Does finiteness of expectation of $X$ imply $X$ is finite almost surely? Formally,
let $\left(\Omega, \mathscr{F}, \mathbb{P}\right)$ be a probability triple. Let $X$ be a nonnegative random variable such that $\mathbb{E} \left(X\right) < \infty$, then is it true that $\mathbb{P} \left(X < \infty \right) = 1$? Is this something trivial? I just do not know how to begin the proof
 A: Yes.
$$\mathbb{E}(X)=\int_\Omega X \, d\mathbb{P}\geq \int_{X^{-1}(\infty)} X \, d\mathbb{P}\geq \int_{X^{-1}(\infty)} t \, d\mathbb{P}=t\mathbb{P}(X=\infty)$$
for every $t\in\mathbb{R}^+.$
If $\mathbb{P}(X=\infty)>0$, then taking $t\rightarrow \infty$ shows $\mathbb{E}(X)=\infty$.
A: Similar to Sean G's answer:
Markov's inequality implies $$t P(X \ge t) \le E[X] < \infty$$
for any $t \ge 0$. As $t \to \infty$, the left-hand side remains finite, so we must have $$0 = \lim_{t \to \infty} P(X \ge t) = P(X = \infty).$$
A: Alternative look (in accordance with the comment of Kavi).

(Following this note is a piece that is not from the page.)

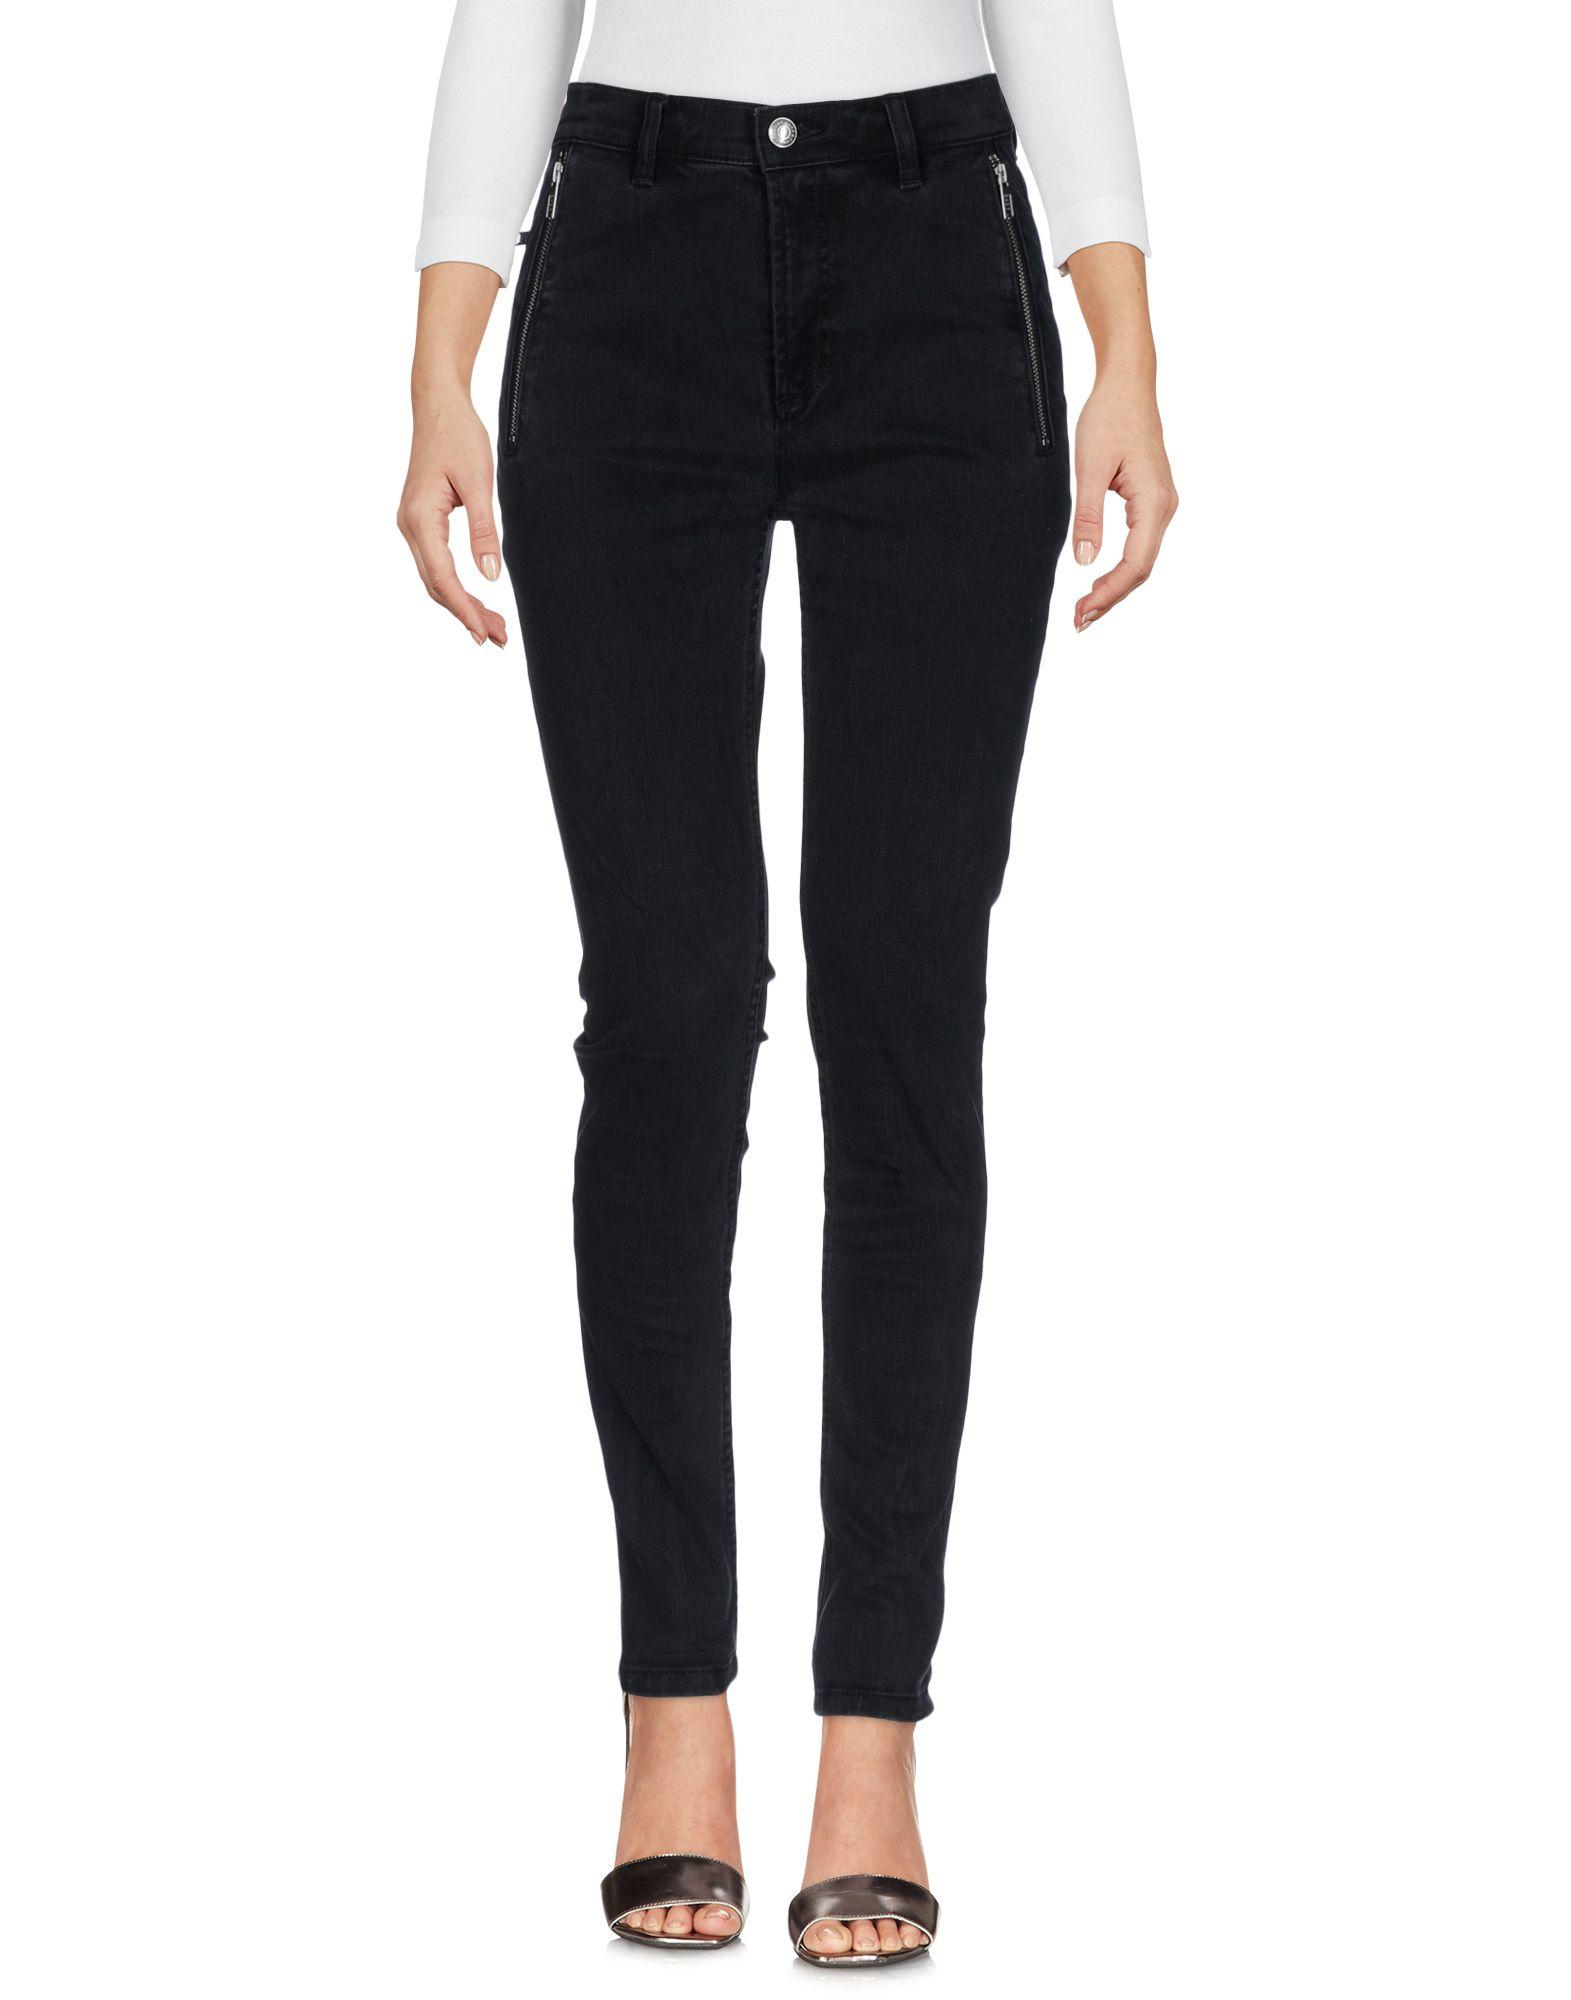 ФОТО marc by marc jacobs джинсовые брюки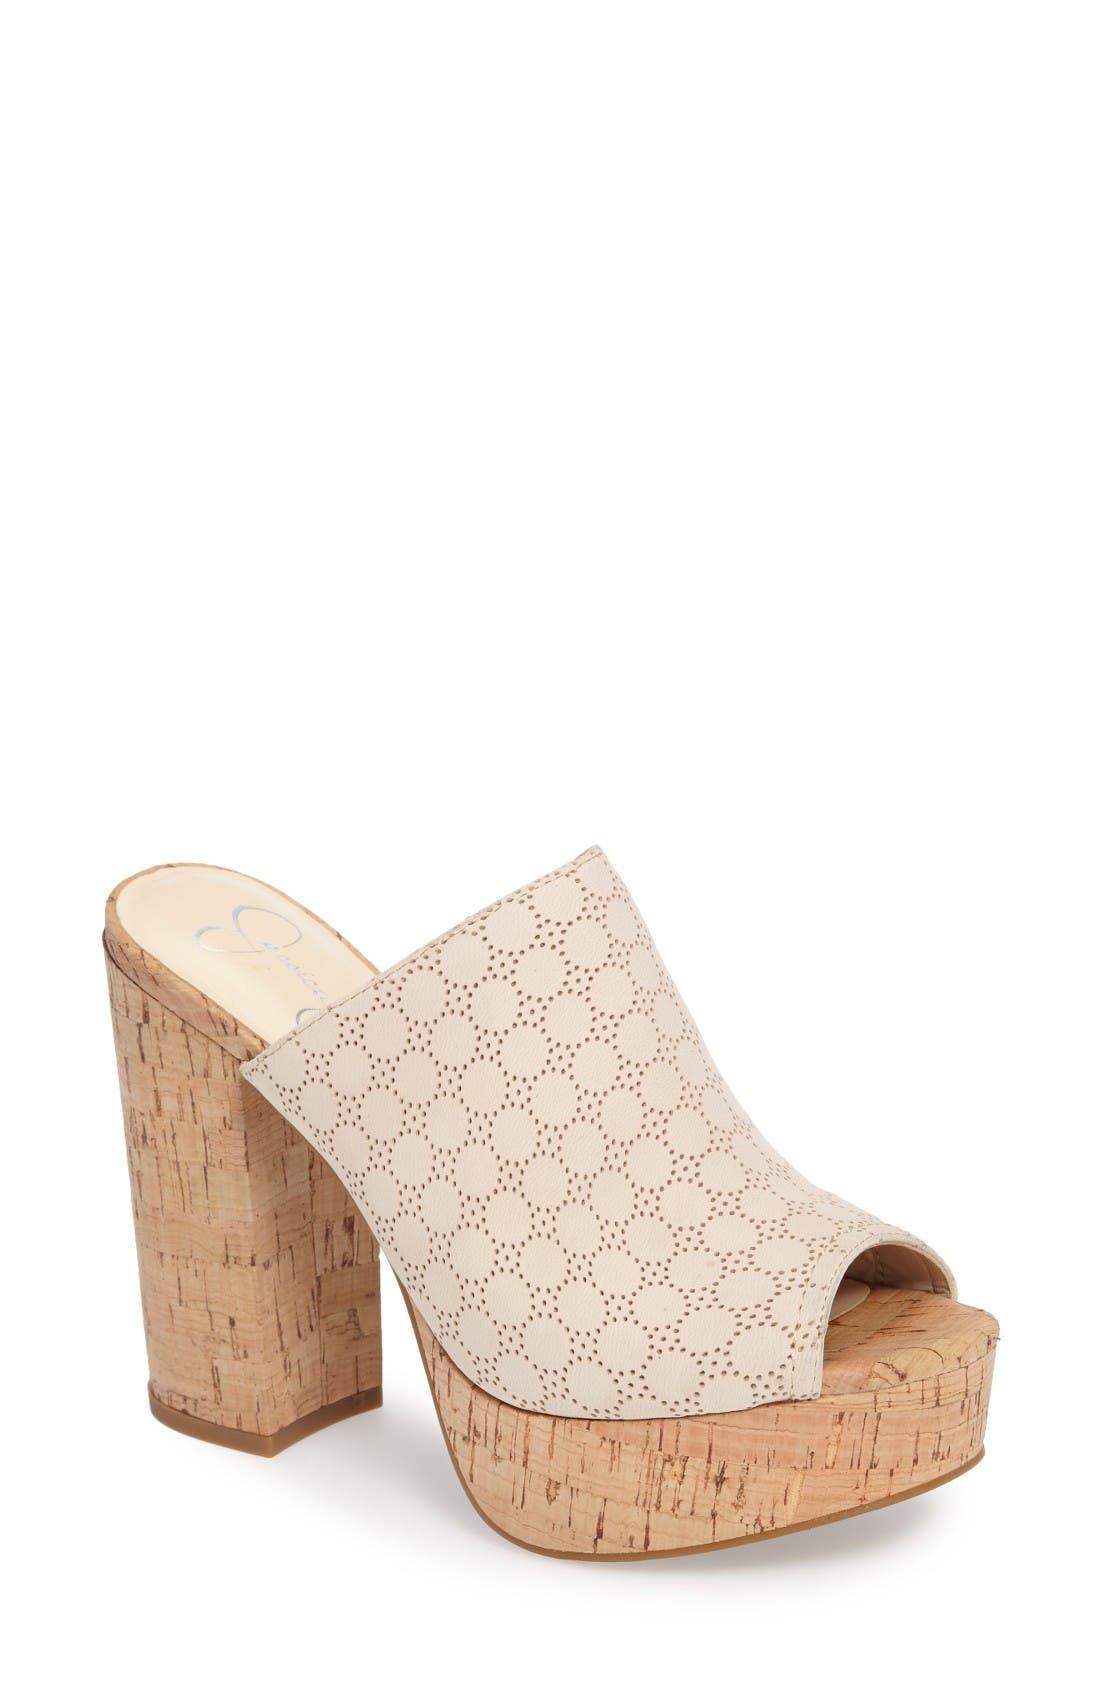 Jessica Simpson Giavanna Open Toe Platform Slide (Women)

Formally if $X$ is a non-negative random variable then $\{0\leq X<\infty\}=\Omega$ so that $P(X<\infty)=1$ is immediate.
If $X$ is a measurable function $\Omega\to[0,+\infty]$ then $X\geq X\mathbf1_{X=+\infty}$ so that: $$\mathbb EX\geq\mathbb EX\mathbf1_{X=+\infty}=+\infty\cdot\mathbb P(X=+\infty)\tag1$$Here $[0,\infty]$ is equipped with a multiplication $\cdot$ determined by:

*

*$x\cdot y=x\times y$ if $x,y<+\infty$.

*$x\cdot y=0$ if $x=0$ or $y=0$.

*$x\cdot y=+\infty$ otherwise.

So $(1)$ tells us that $EX<\infty$ can only be true if $\mathbb P(X=+\infty)=0$ or equivalently $\mathbb P(X<+\infty)=1$.
The answers of Sean and angryavian actually assure/confirm that this multiplication works fine.